I do not think you can change just the barrel. I might be wrong, but I think ya gotta swap the slide too.


----------



## Yusrilha (Apr 20, 2020)

Shipwreck said:


> You can change the upper - new slide and new barrel. They use the same frame, although the ejector is a little different, or so I am told. I am not into 40 cal.
> 
> But, it usually works fine.
> 
> I do not think you can change just the barrel. I might be wrong, but I think ya gotta swap the slide too.


+1


----------



## mikefalcon (Jun 23, 2020)

Thank you


----------



## mikefalcon (Jun 23, 2020)

Shipwreck said:


> You can change the upper - new slide and new barrel. They use the same frame, although the ejector is a little different, or so I am told. I am not into 40 cal.
> 
> But, it usually works fine.
> 
> I do not think you can change just the barrel. I might be wrong, but I think ya gotta swap the slide too.


Why do you not care for the 40 cal?


----------



## Shipwreck (Jan 26, 2006)

mikefalcon said:


> Why do you not care for the 40 cal?


9mm is fine for me. Out of 3 digits worth of guns over 25+ years, I have owned ONE 40 cal handgun. A PX4, many years gao.

9mm recoils less, and I can shoot longer before fatigue sets in (less recoil in 9mm). When you look at statistics and real world data, there isn't much difference.
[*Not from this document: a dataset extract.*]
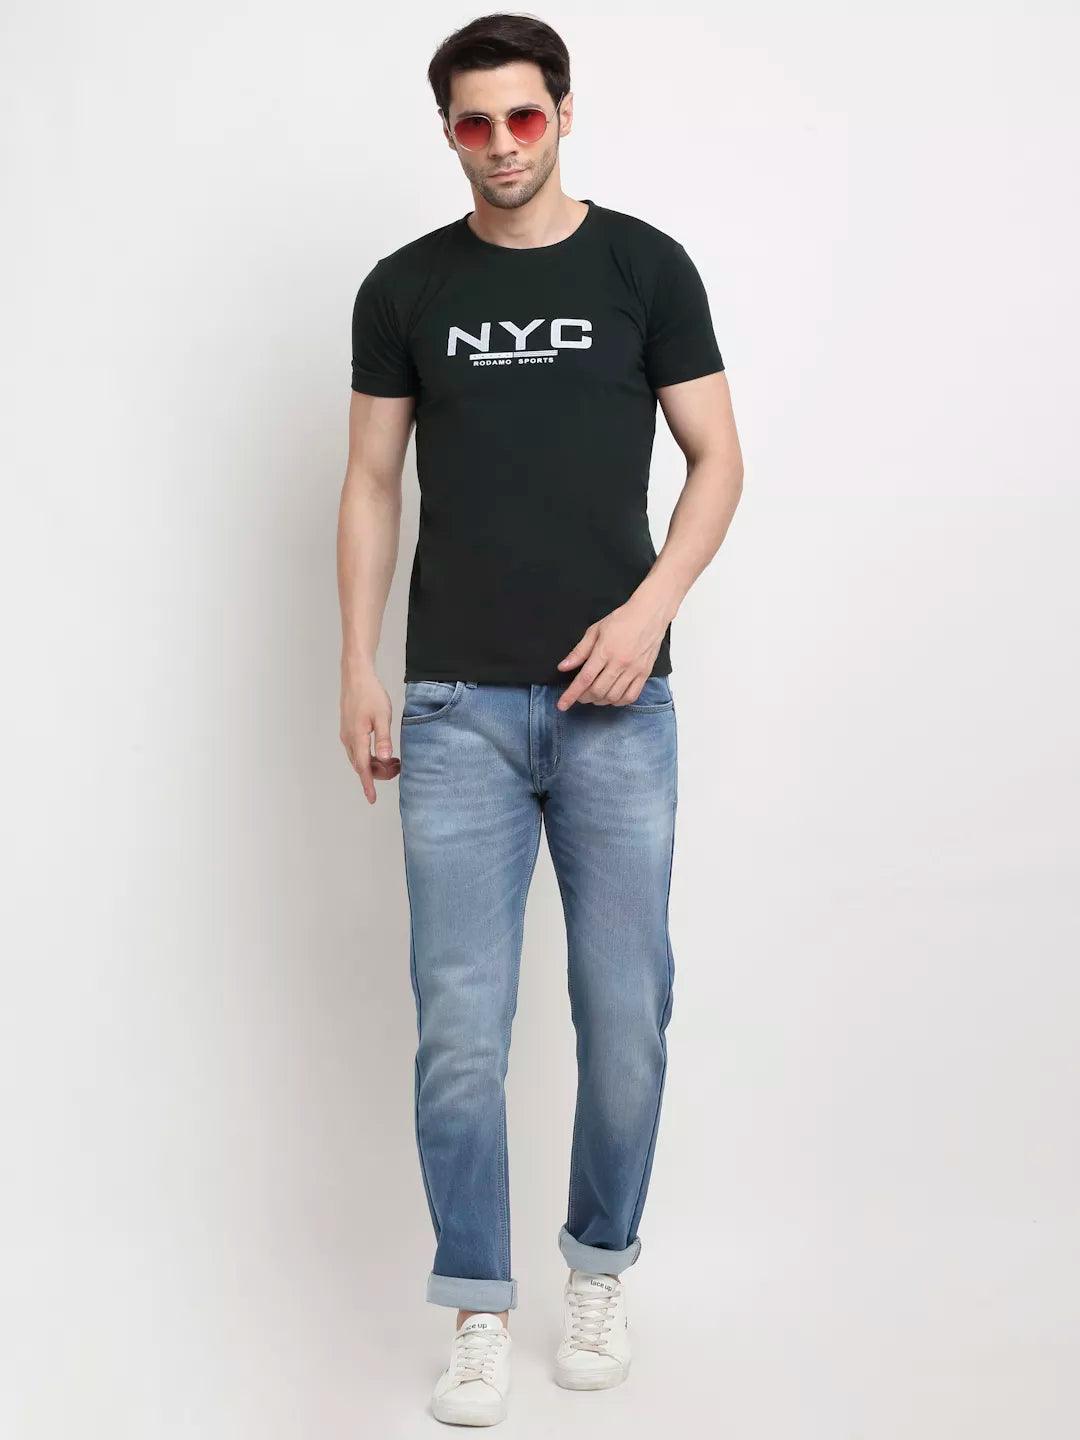 Rodamo Cotton Printed Black T-Shirt (Medium) - ShopIMO

Hitting is THE most important. If I can shoot more shots faster and be more accurate because of less recoil - I'll take that.


----------



## mikefalcon (Jun 23, 2020)

Shipwreck said:


> 9mm is fine for me. Out of 3 digits worth of guns over 25+ years, I have owned ONE 40 cal handgun. A PX4, many years gao.
> 
> 9mm recoils less, and I can shoot longer before fatigue sets in (less recoil in 9mm). When you look at statistics and real world data, there isn't much difference.
> 
> Hitting is THE most important. If I can shoot more shots faster and be more accurate because of less recoil - I'll take that.


Thank you


----------